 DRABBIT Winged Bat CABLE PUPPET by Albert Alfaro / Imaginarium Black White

+ + + +

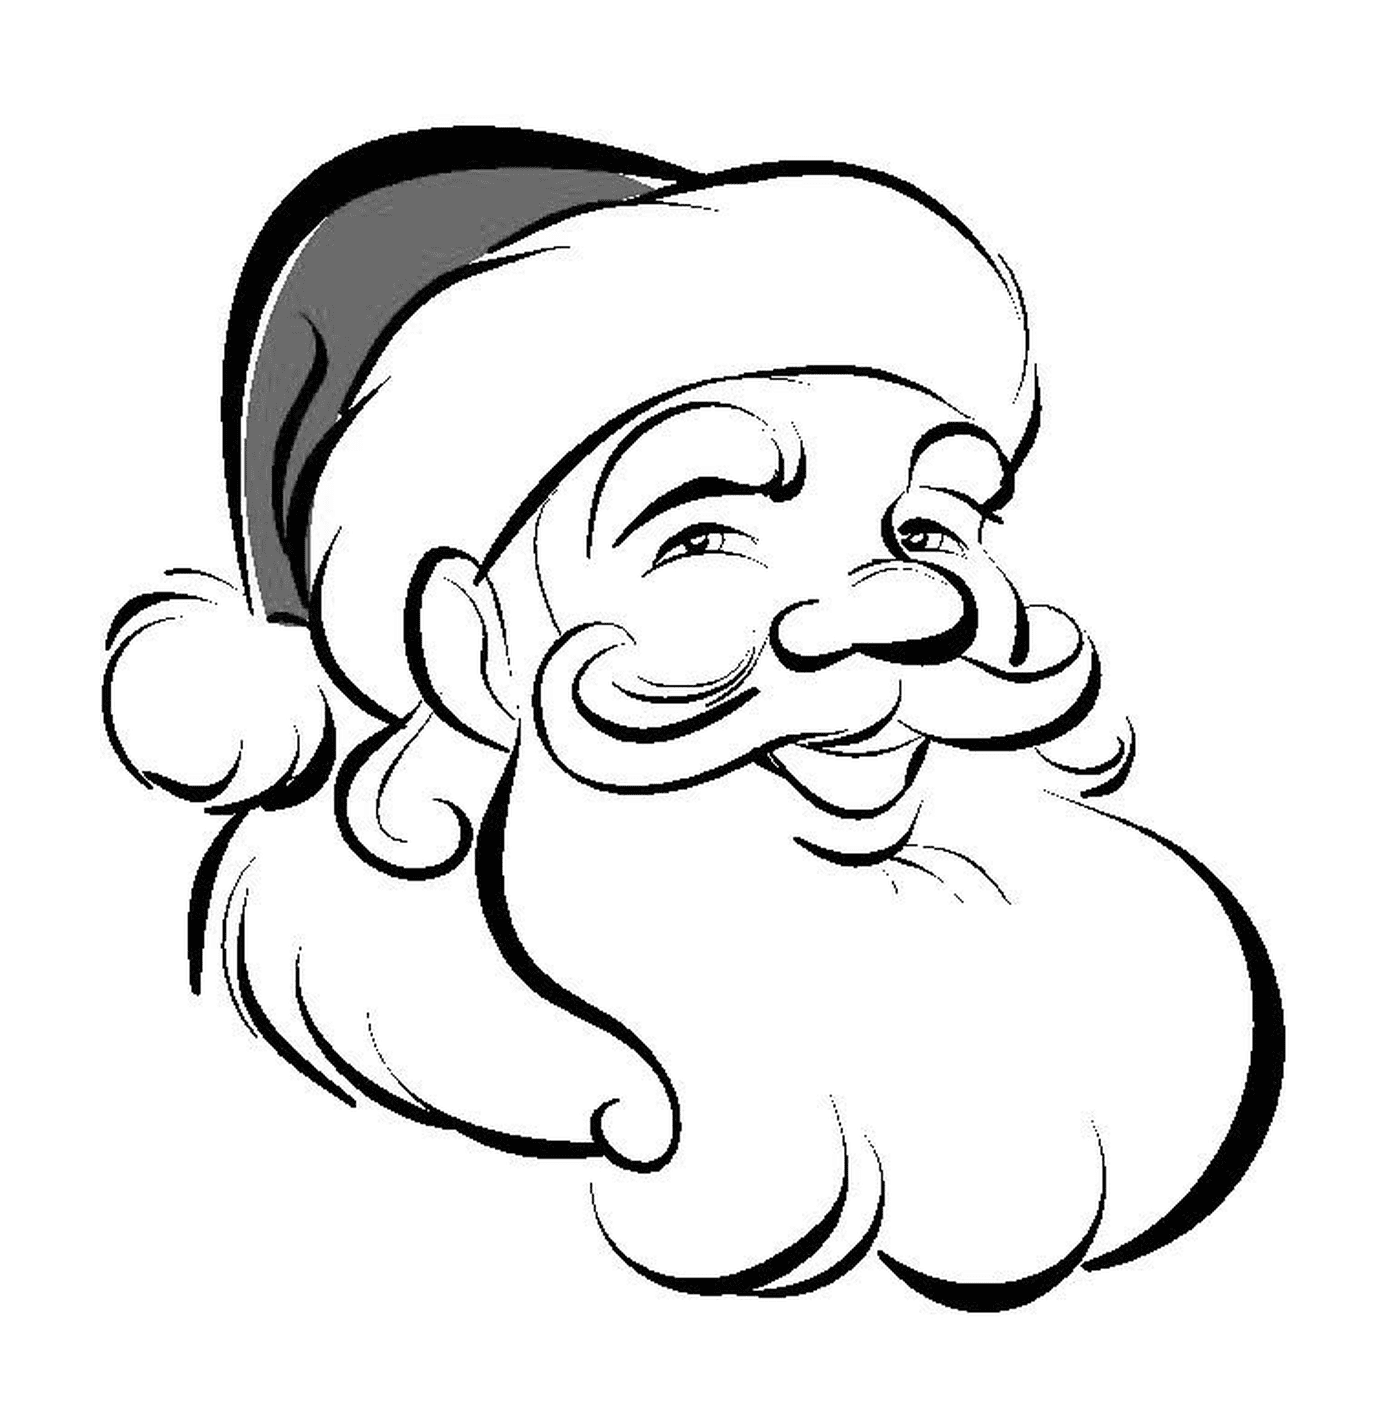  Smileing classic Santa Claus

+ + + +

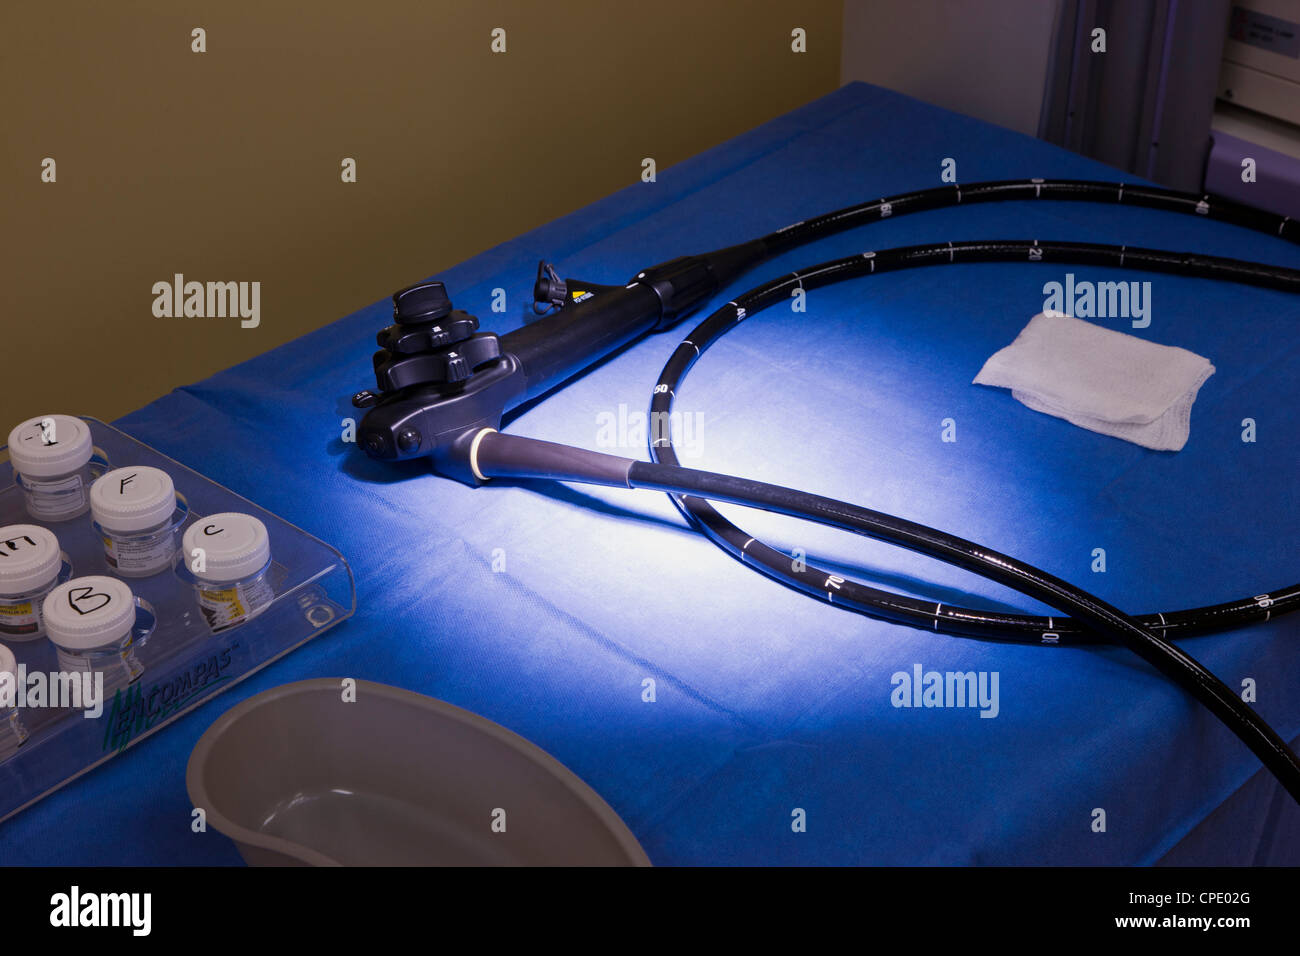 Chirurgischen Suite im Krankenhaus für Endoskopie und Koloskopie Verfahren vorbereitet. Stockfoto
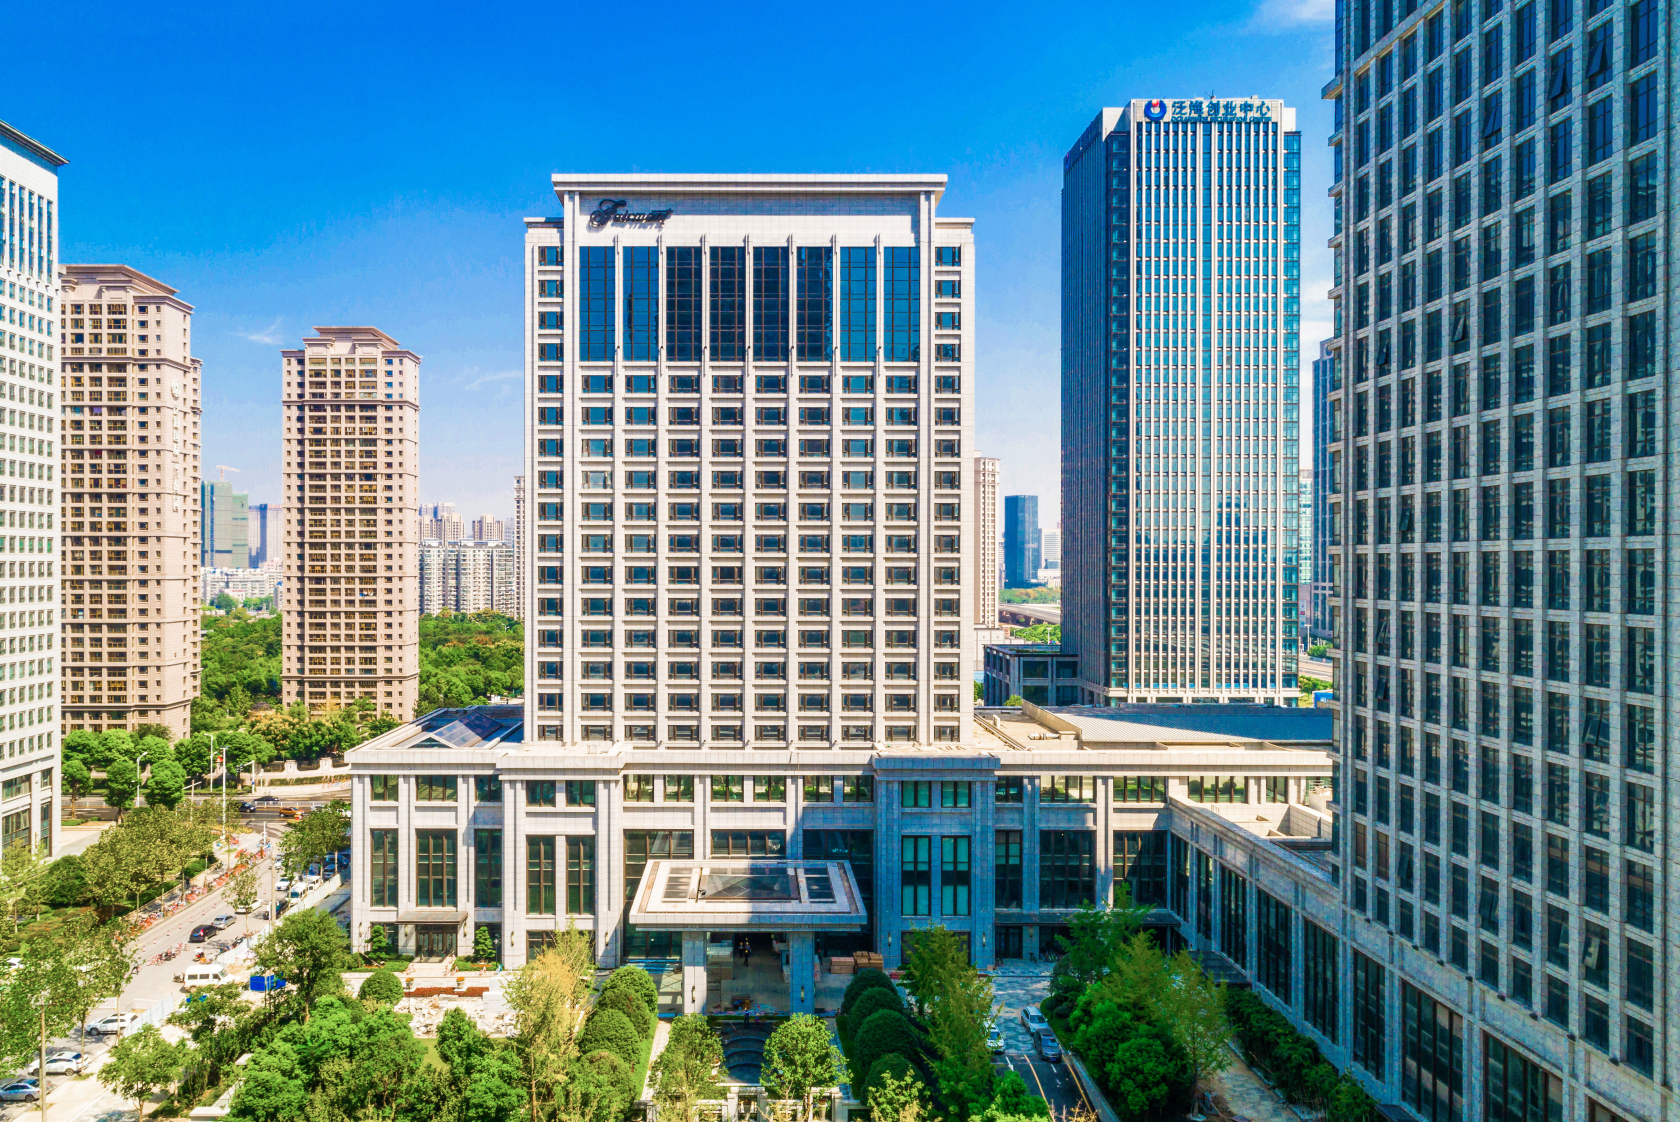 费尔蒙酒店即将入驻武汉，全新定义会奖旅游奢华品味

+ + + +

Aim of the task: The lines above starting at the one that holds "Chirurgischen Suite im" and ending at the one that holds "费尔蒙酒店即将入驻武汉，全新定义会奖旅游奢华品味" are to be written out exactly, ends included, and no pictures are to be copied.

Result:
 Chirurgischen Suite im Krankenhaus für Endoskopie und Koloskopie Verfahren vorbereitet. Stockfoto
 费尔蒙酒店即将入驻武汉，全新定义会奖旅游奢华品味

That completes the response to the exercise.